··· DATASET EXTRACT
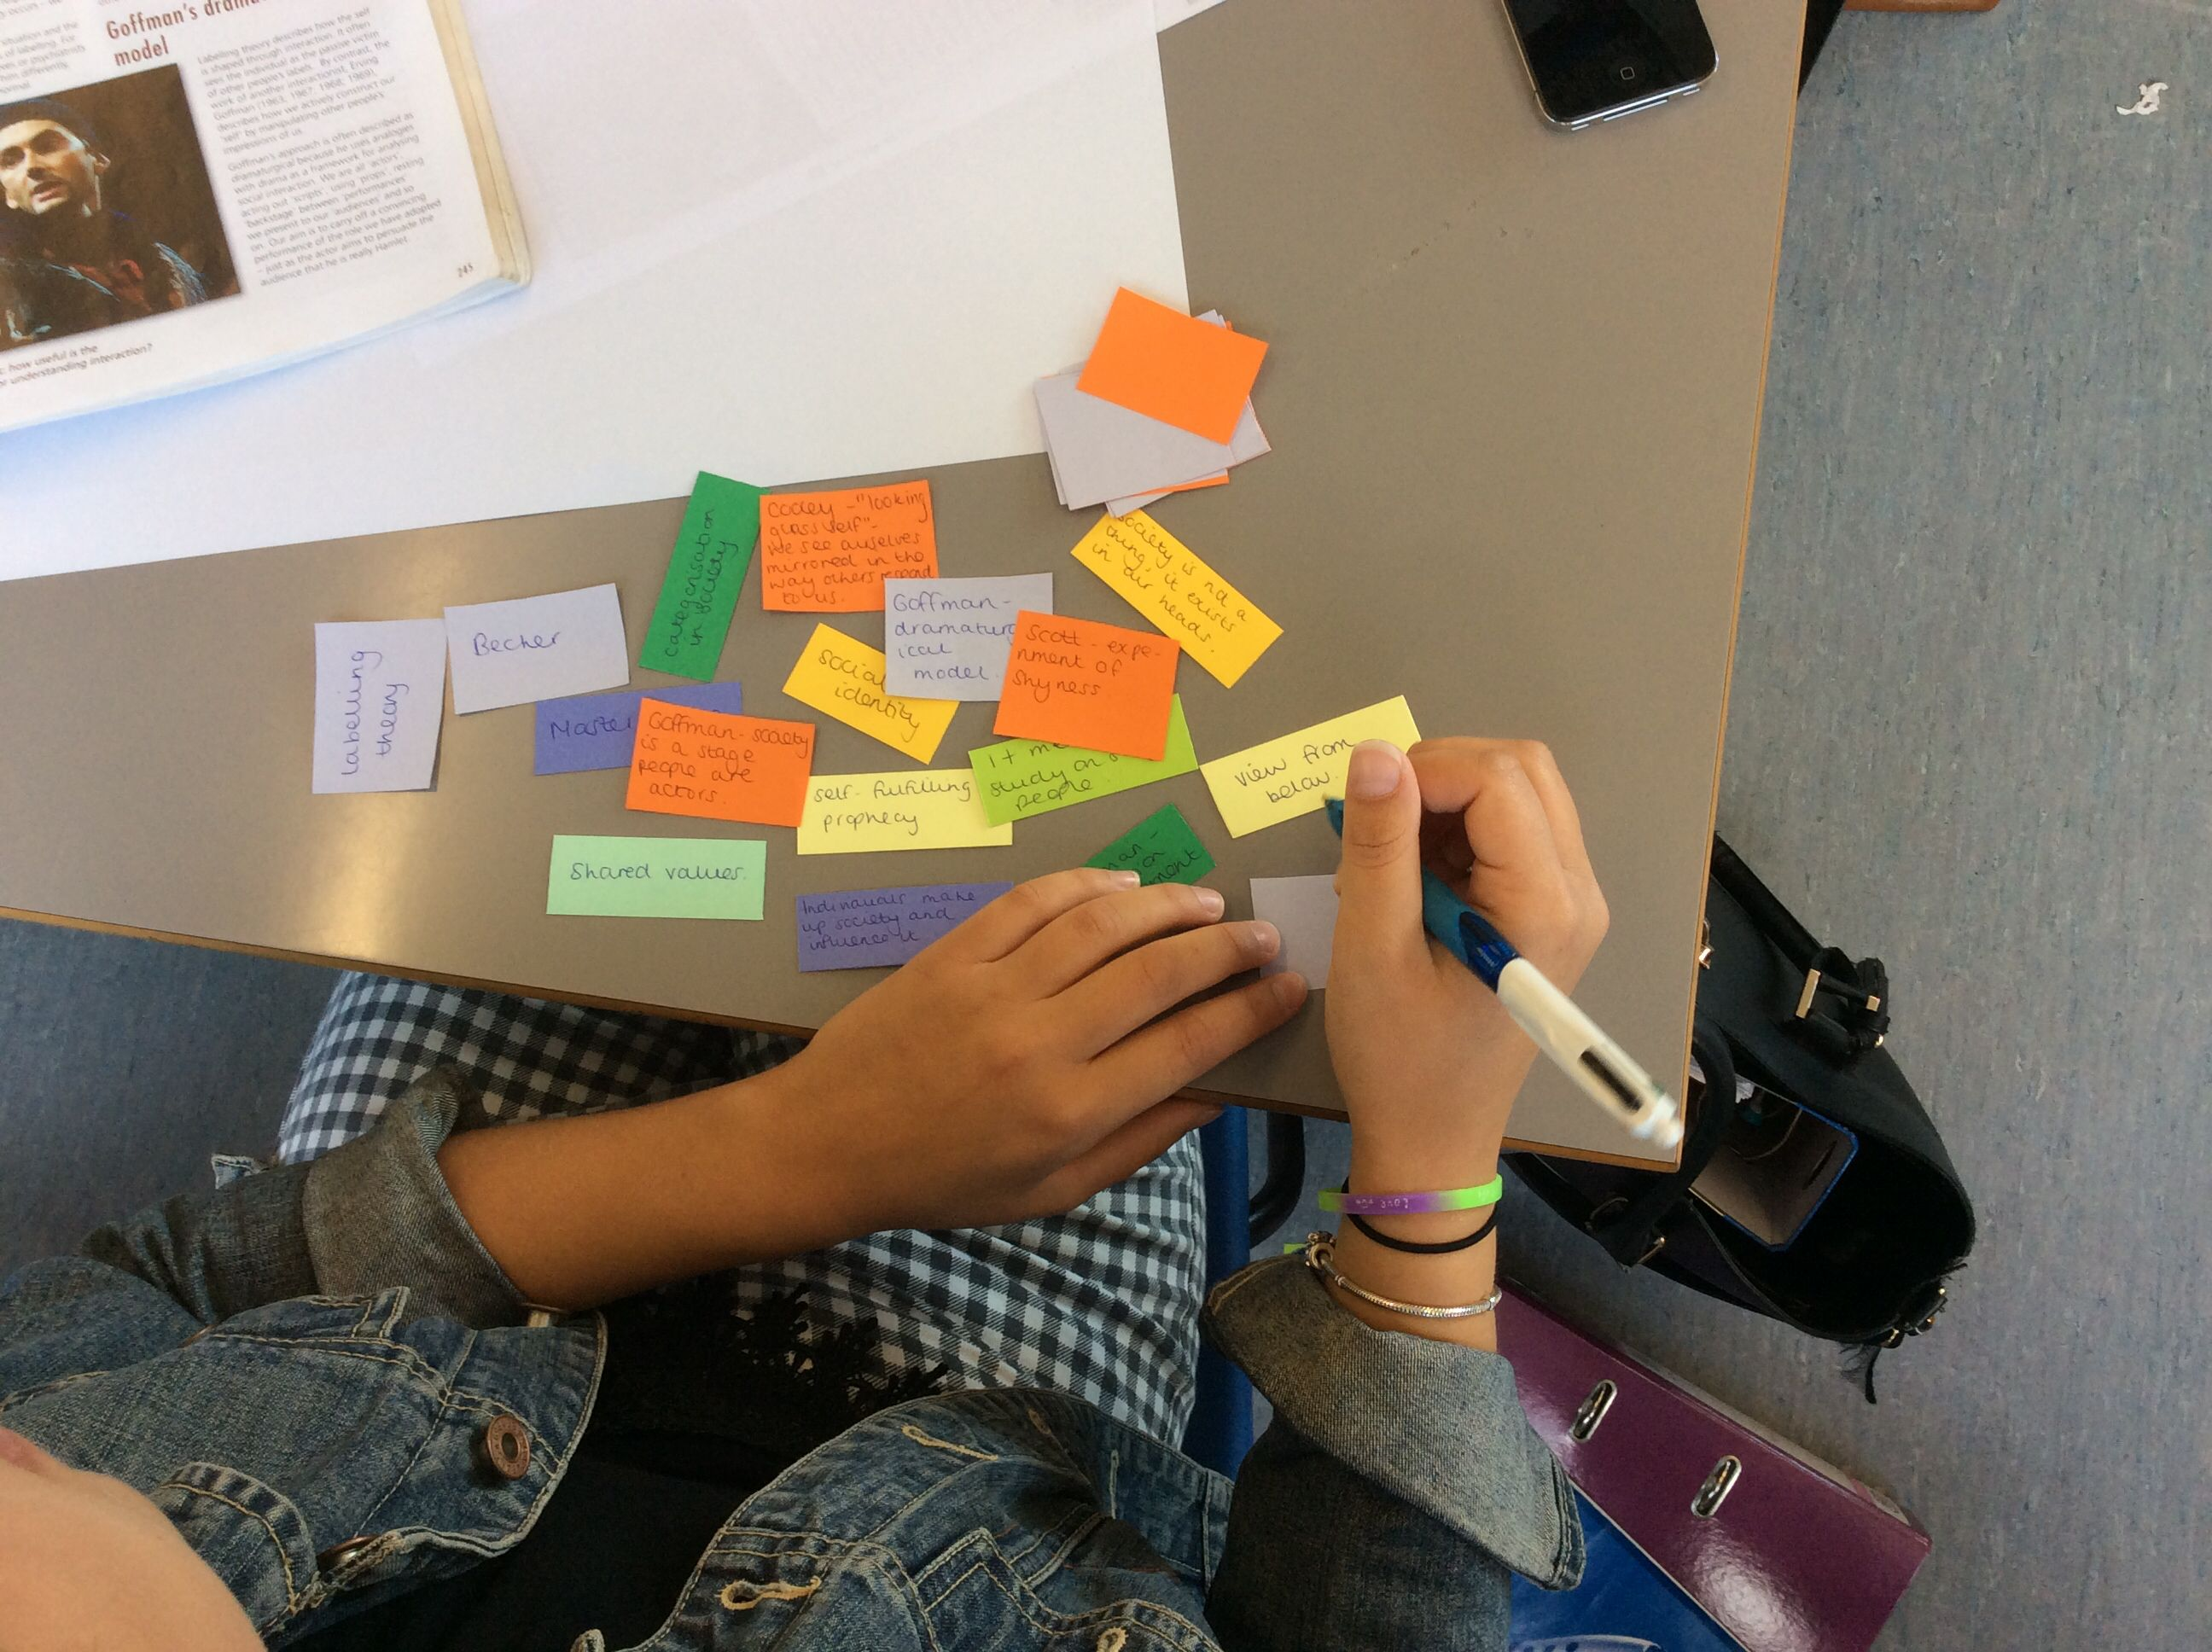 Symbolic interactionism flipped learning activity
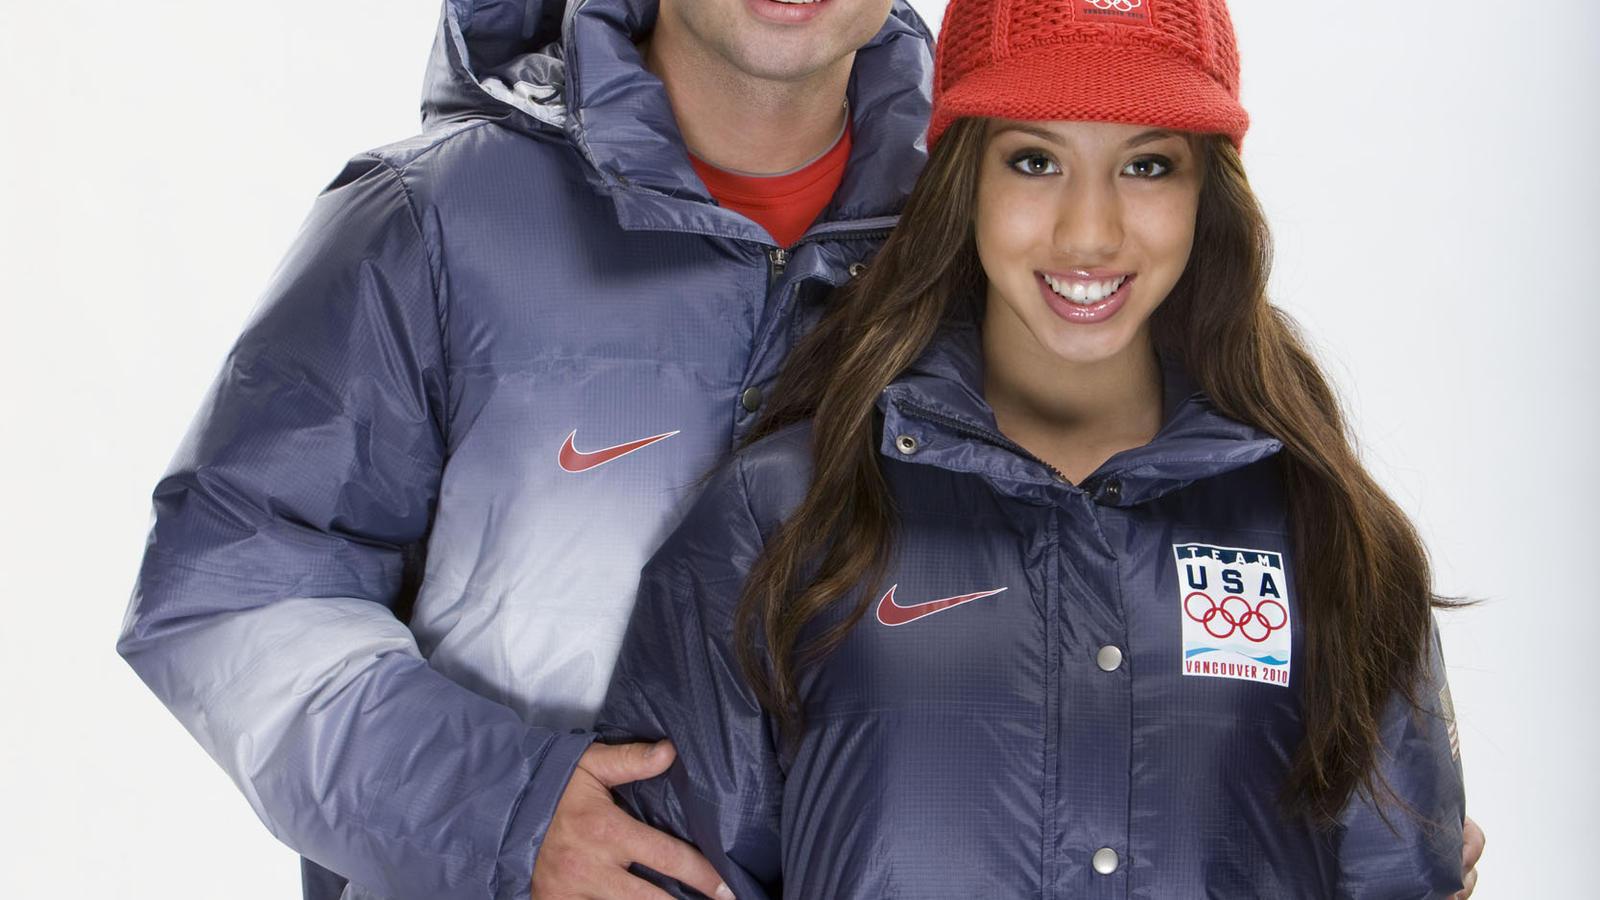 Team USA unveils medal stand looks - Nike News
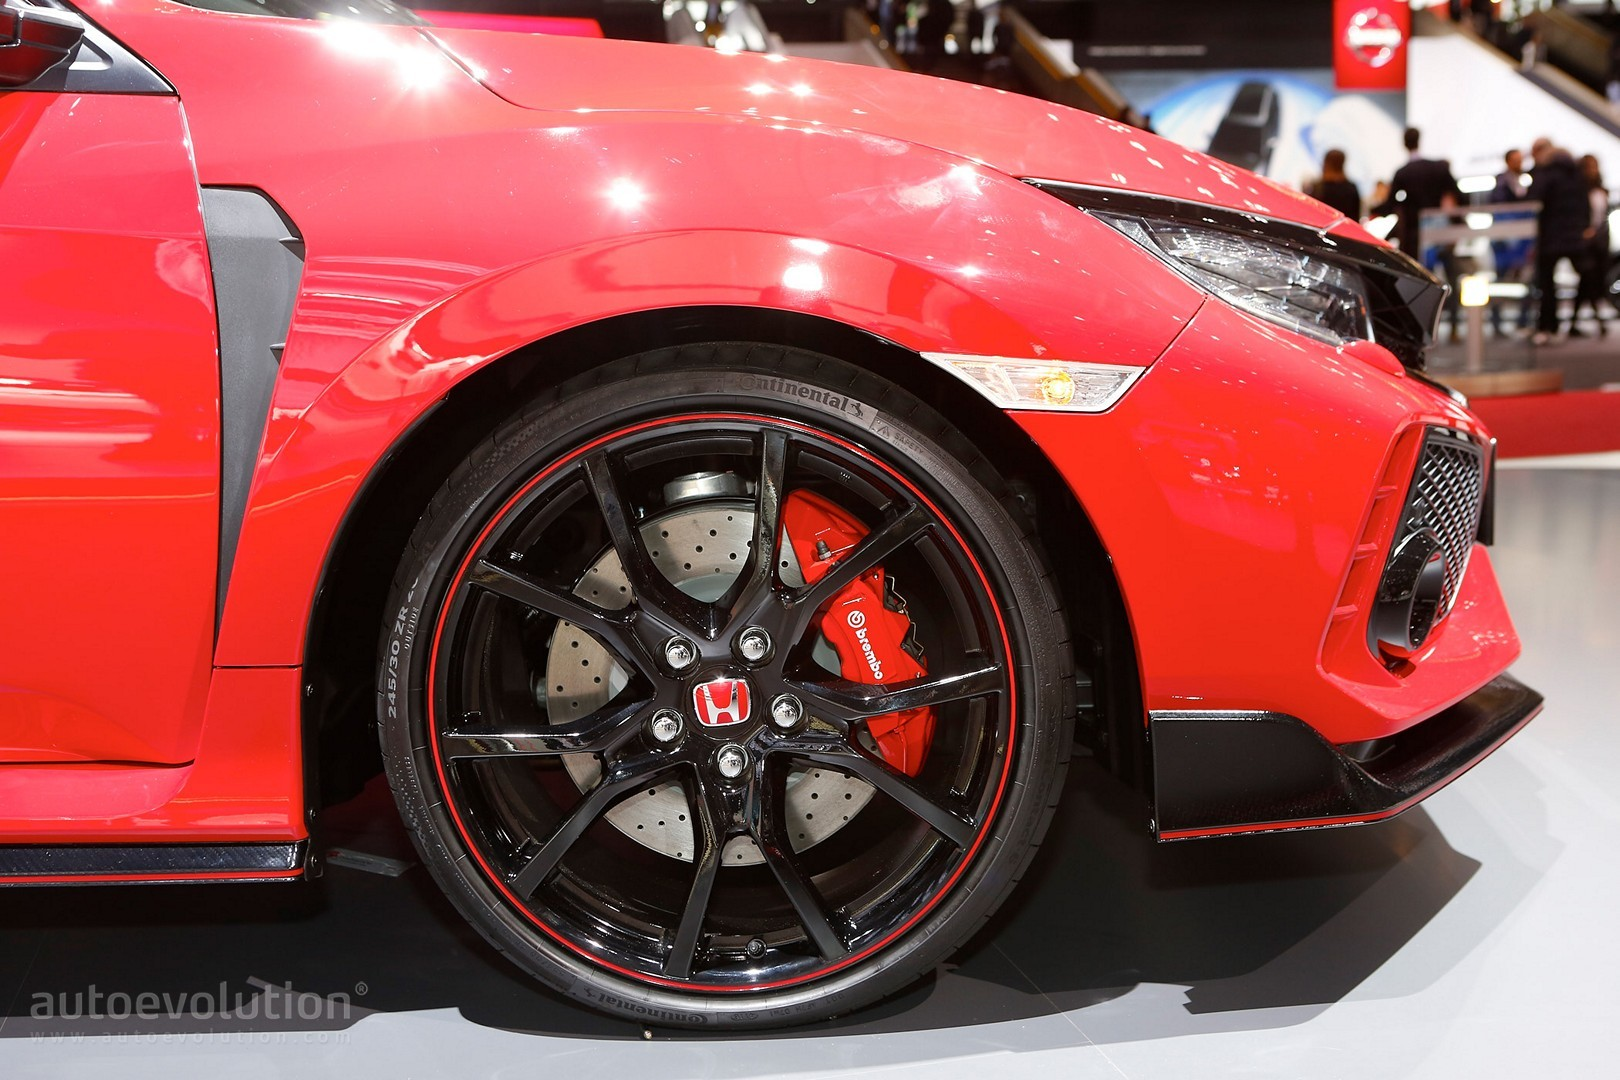 Cheaper Honda Civic Type R apparently revealed in NHTSA filings
······
> [WHAT YOU WILL DO]: Produce an exact copy of the lines from the line containing "Team USA unveils" to the end of the material, both ends included, and omit every picture.

> [SOLUTION TO THIS TASK]:
 Team USA unveils medal stand looks - Nike News
 Cheaper Honda Civic Type R apparently revealed in NHTSA filings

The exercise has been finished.